To demonstrate what I’m talking about, I might hear a comment like: “I made a horrible mistake and I had an affair with my boss. It was a very short term affair and I told my husband about it the second I broke it off. I begged for his forgiveness. And I promised to do everything in my power to be the kind of wife who would one day make this up to him and to inspire his trust again. I believe that I have done that. For the last year, my entire mission in life was to be the kind of wife that my husband deserves. I left my job. The other man is entirely out of my life and I really want to put this behind us. Our marriage is relatively good, but I always feel like there is twinge of awkwardness and sadness between us now.
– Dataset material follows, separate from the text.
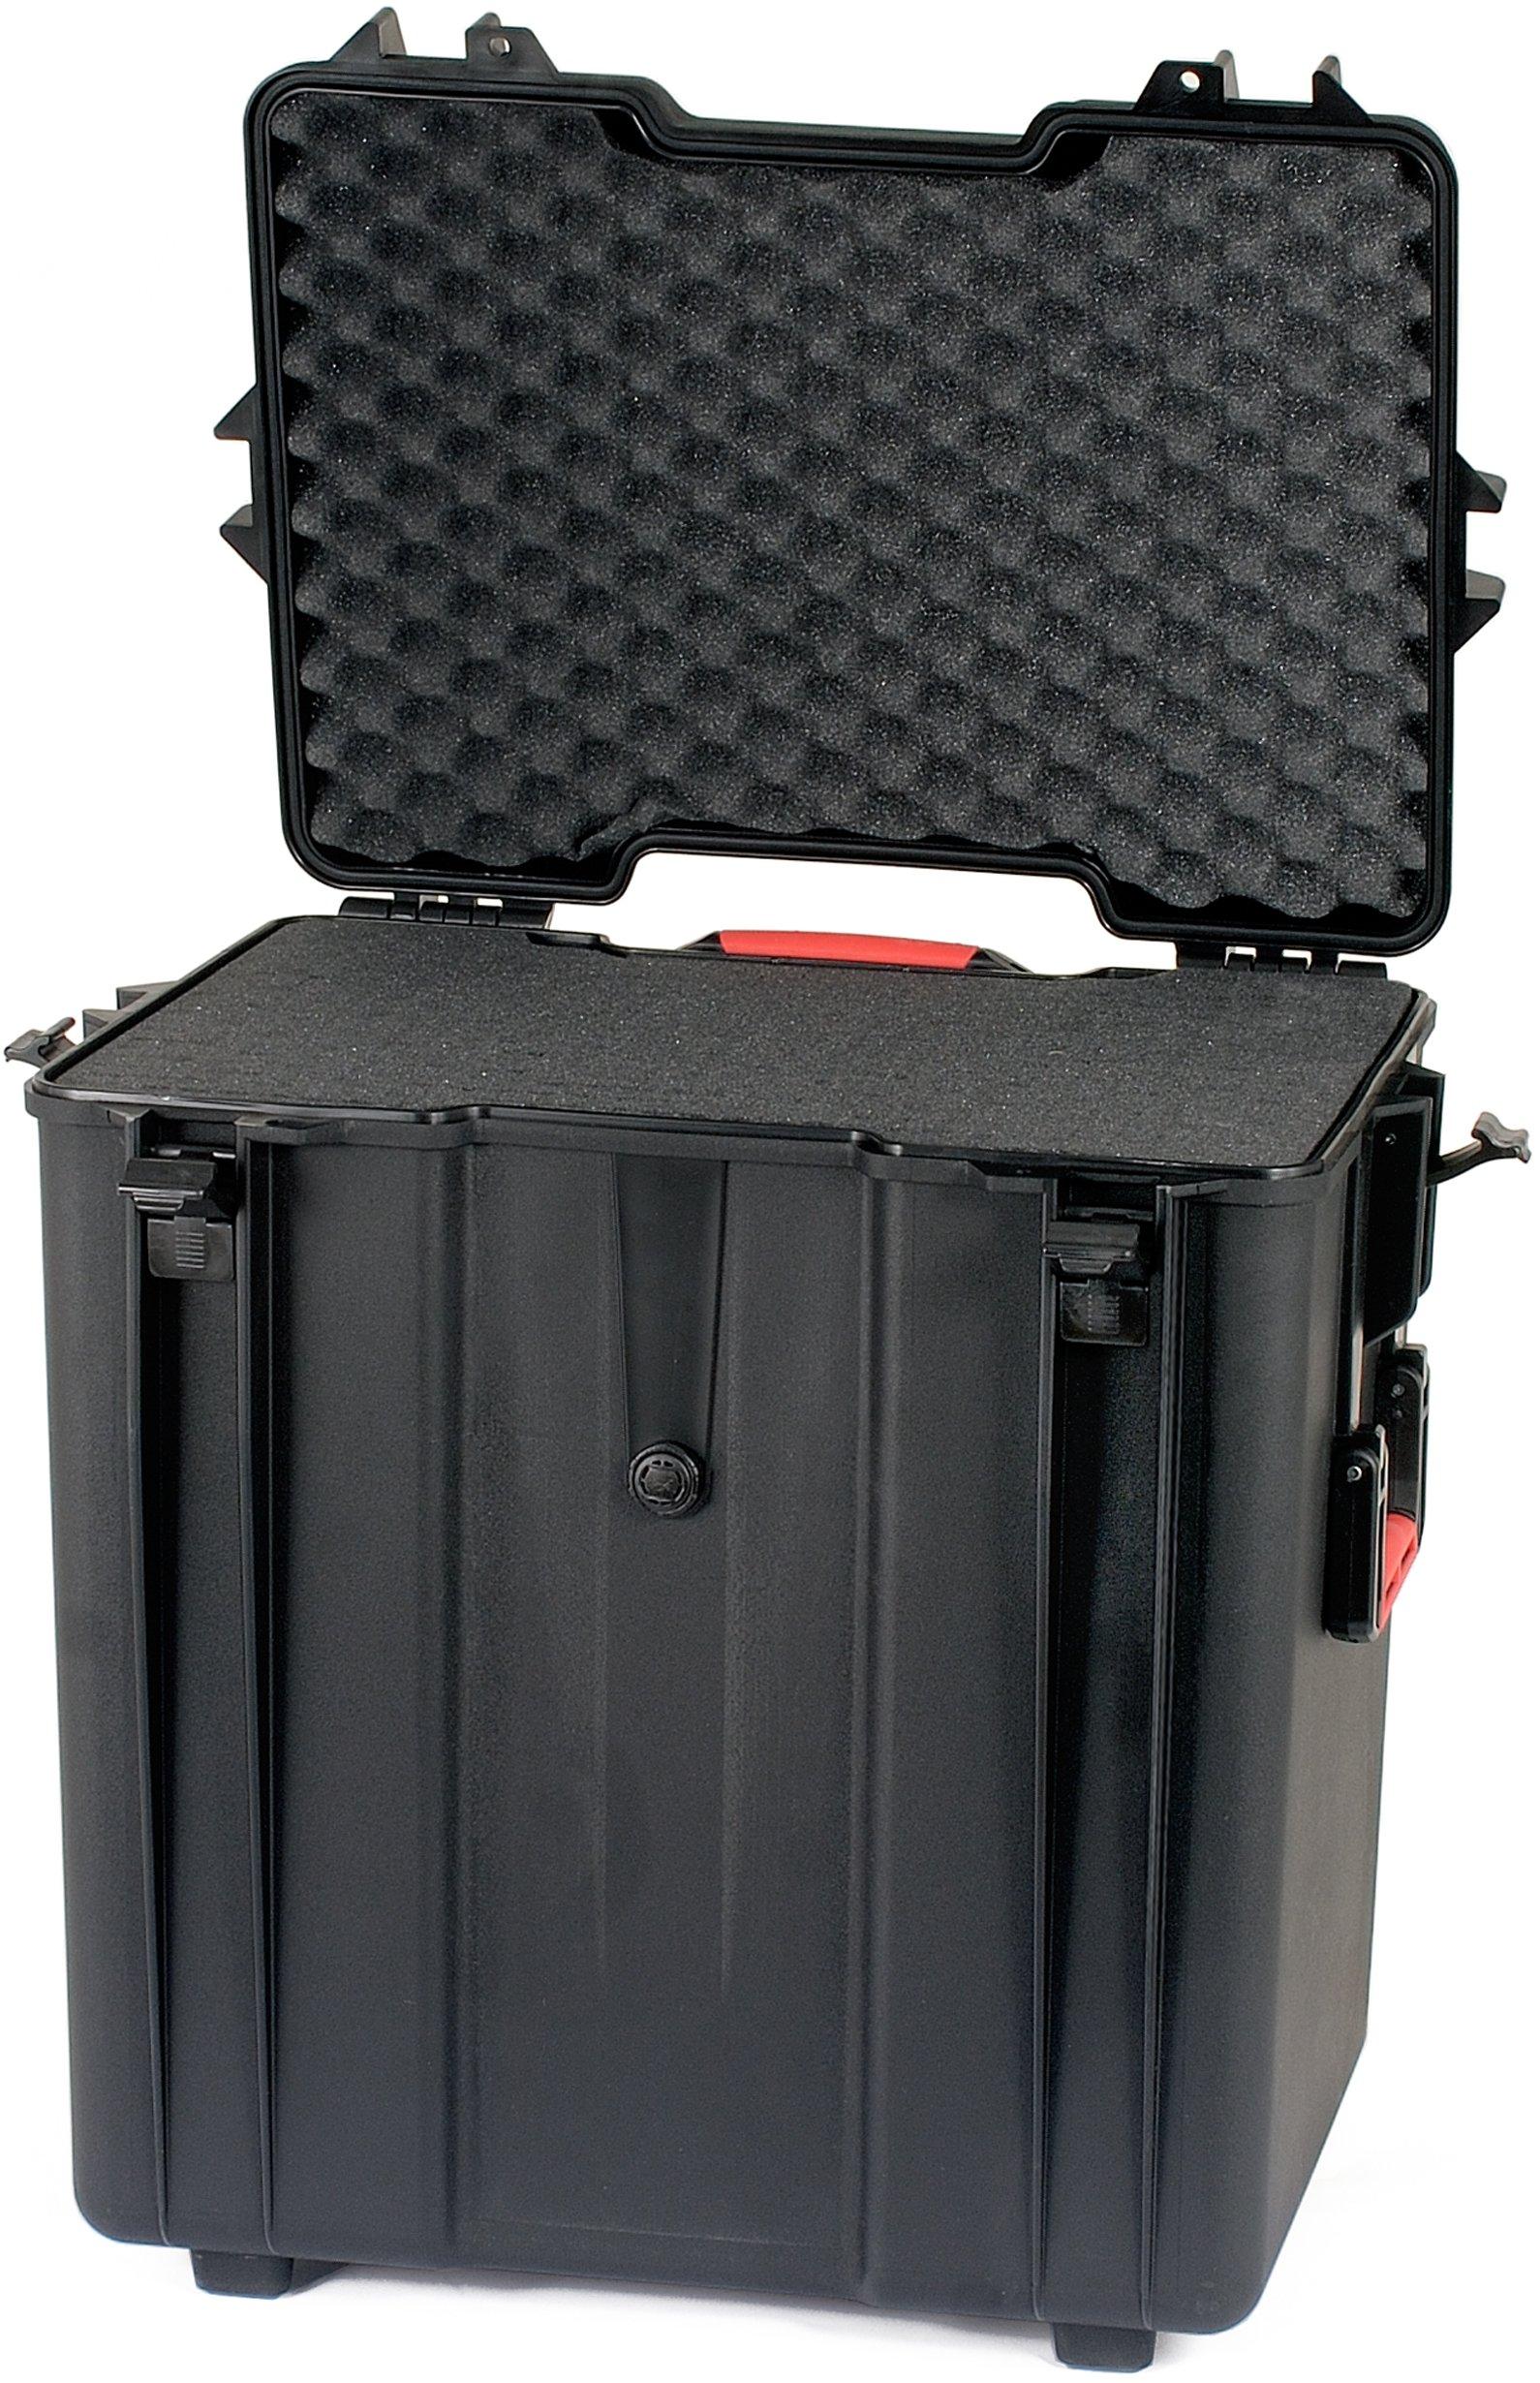 HPRC 4700W Case

It’s as if things might never be the same. I’m afraid that I’ve ruined things for good. Sometimes, when I look at my husband, I literally see a changed man. He’s not the confident and happy go lucky man that he used to be. It’s almost as if he occasionally has a haunted look in his eyes. He says that he forgives me and I can tell that he is really trying. But he still seems wounded and hurt. It hurts me to see him like this. When I see this look on my face, I almost find myself wanting to avoid him. It is like he is the walking wounded. Is this ever going to get better? Will he always be hurt by this for the rest of our lives?” (read the rest here)


----------



## MattMatt (May 19, 2012)

> He’s not the confident and happy go lucky man that he used to be.


Almost word-for-word what my wife said to me after her affair.


----------